The data breach at Instructure highlights the ongoing cybersecurity risks faced by educational technology providers, potentially exposing sensitive personal information of millions of users worldwide. This incident underscores the importance of robust security measures and rapid response protocols to protect user data and maintain trust in digital learning platforms.

Key Takeaways

Educational tech giant Instructure has confirmed that data was stolen in a cyberattack, with the ShinyHunters extortion gang claiming responsibility.

Instructure is a U.S.-based education technology company best known for developing Canvas, a widely used learning management system that helps schools, universities, and organizations manage coursework, assignments, and online learning.

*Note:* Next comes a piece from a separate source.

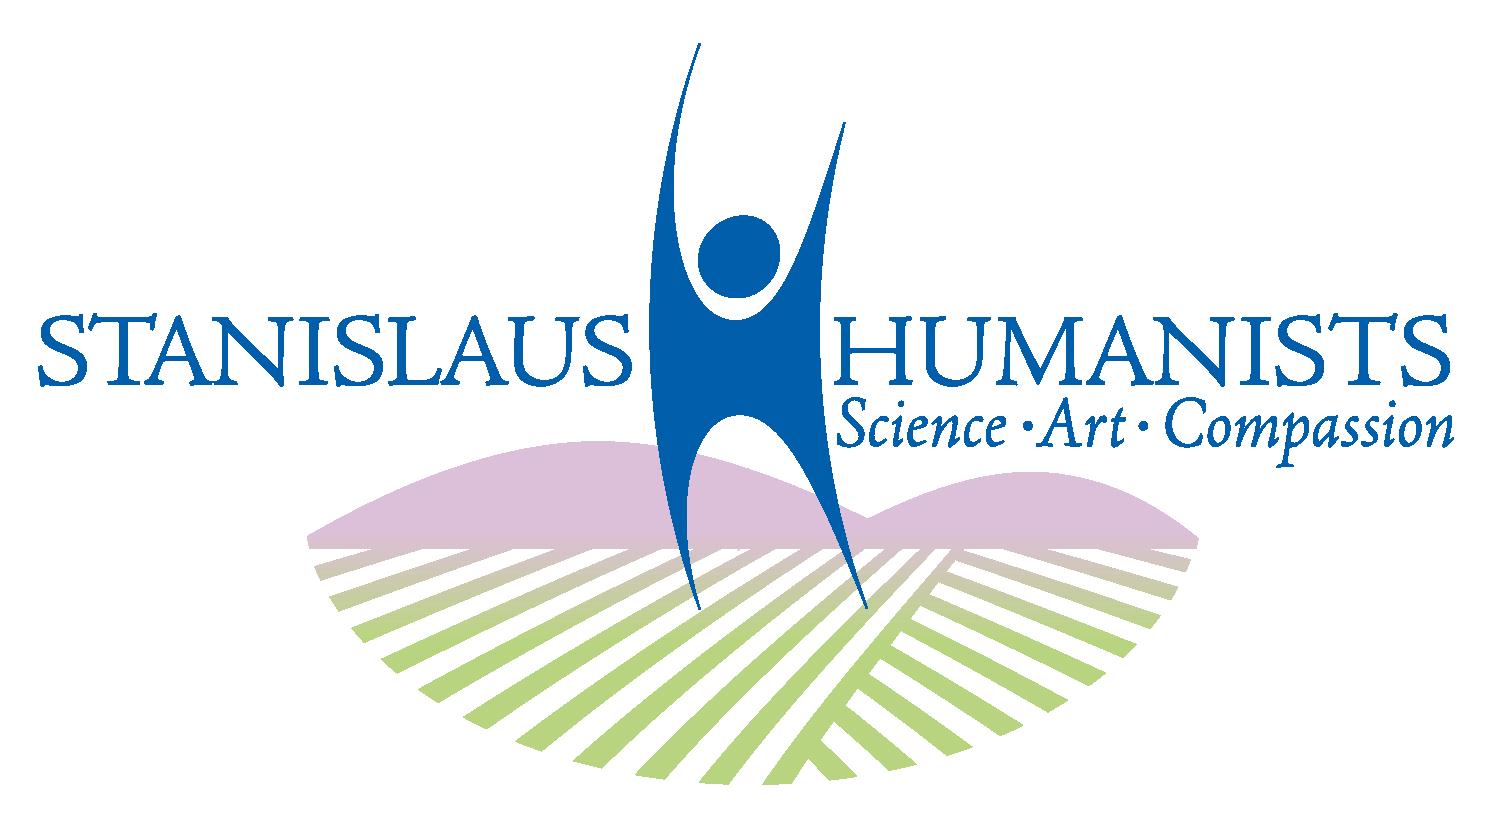 Stanislaus Humanists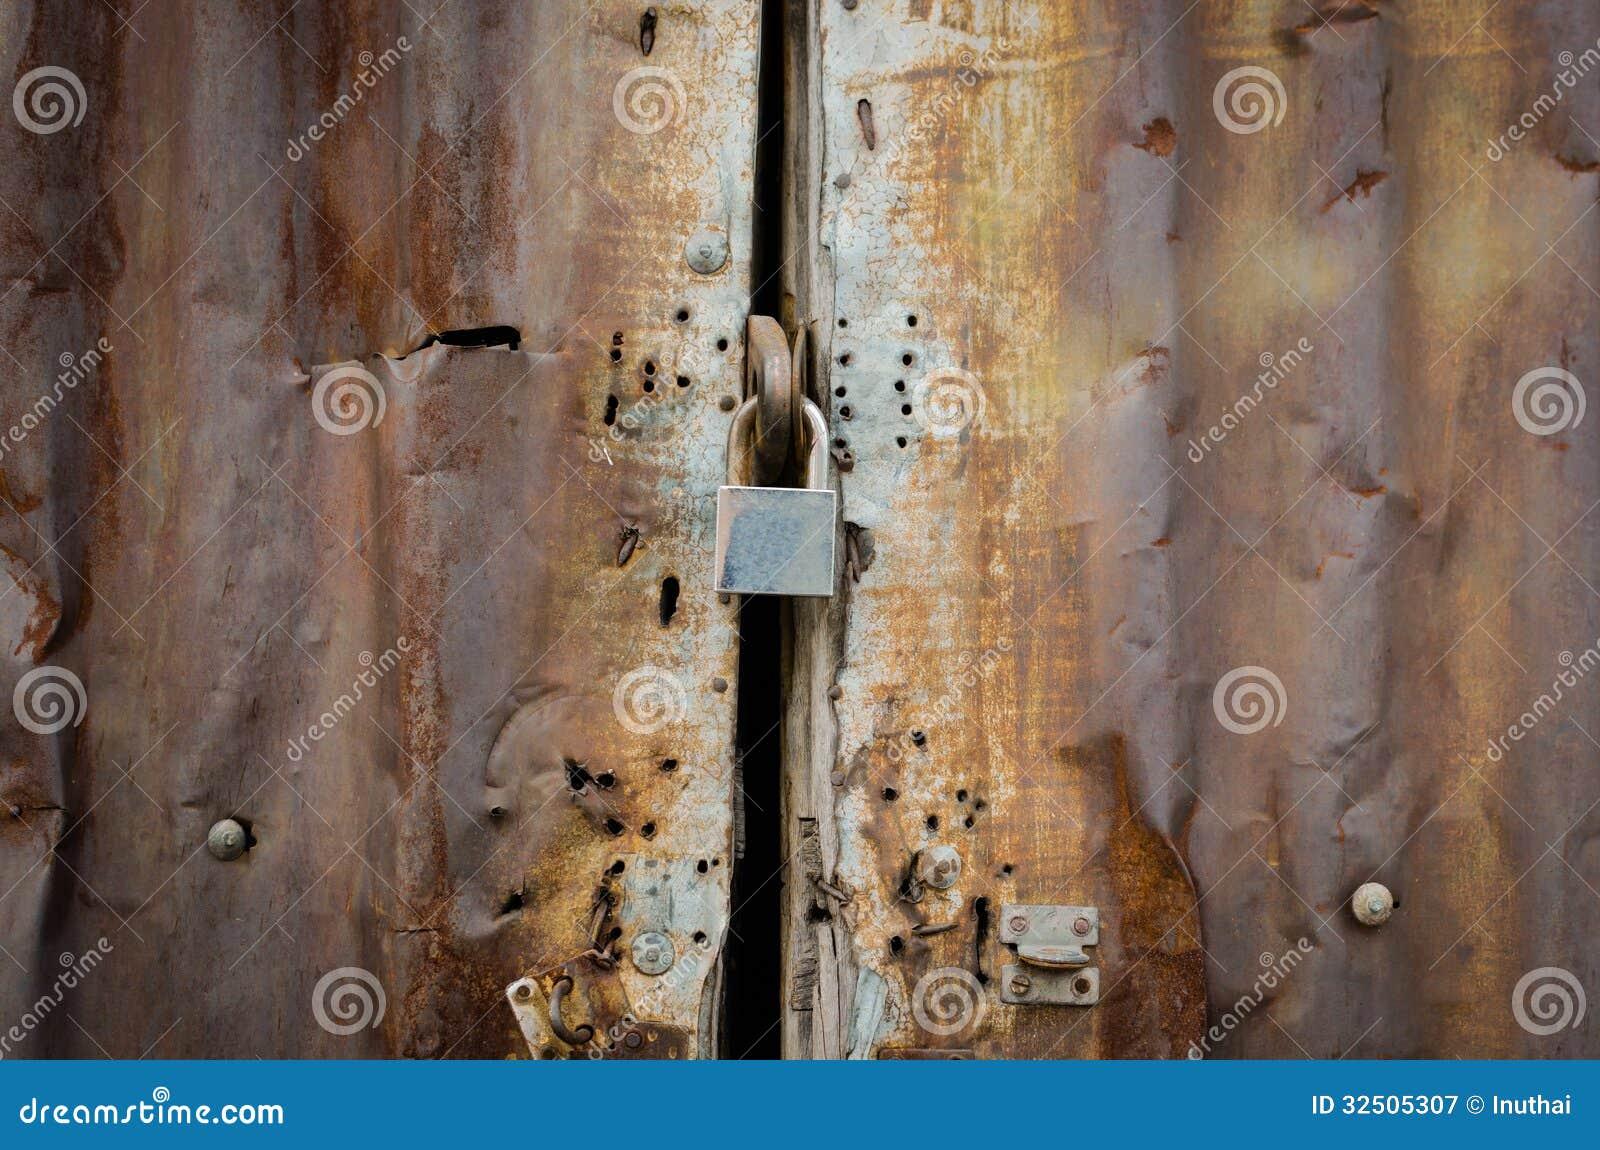 Rusty Zinc Door Lock With Key Royalty Free Stock

On Friday, Instructure disclosed that it suffered a cybersecurity incident and is working with third-party cybersecurity experts and law enforcement to investigate it.

On Saturday, the company issued an update stating that the personal information of users was exposed in the breach.

"While we continue actively investigating, thus far, indications are that the information involved consists of certain identifying information of users at affected institutions, such as names, email addresses, and student ID numbers, as well as messages among users," reads the updated statement.

"At this time, we have found no evidence that passwords, dates of birth, government identifiers, or financial information were involved. If that changes, we will notify any impacted institutions."

As part of the response, Instructure has deployed patches, increased monitoring, and rotated application keys as a precautionary step.

Customers are required to re-authorize access to Instructure's API for new application keys to be issued.

While Instructure has not responded to BleepingComputer's questions about when the breach occurred and whether they were being extorted, the ShinyHunters extortion gang has now listed the company on its data leak site.

"Nearly 9,000 schools worldwide affected. 275 million individuals data ranging from students, teachers, and other staff containing PII," reads the data leak site.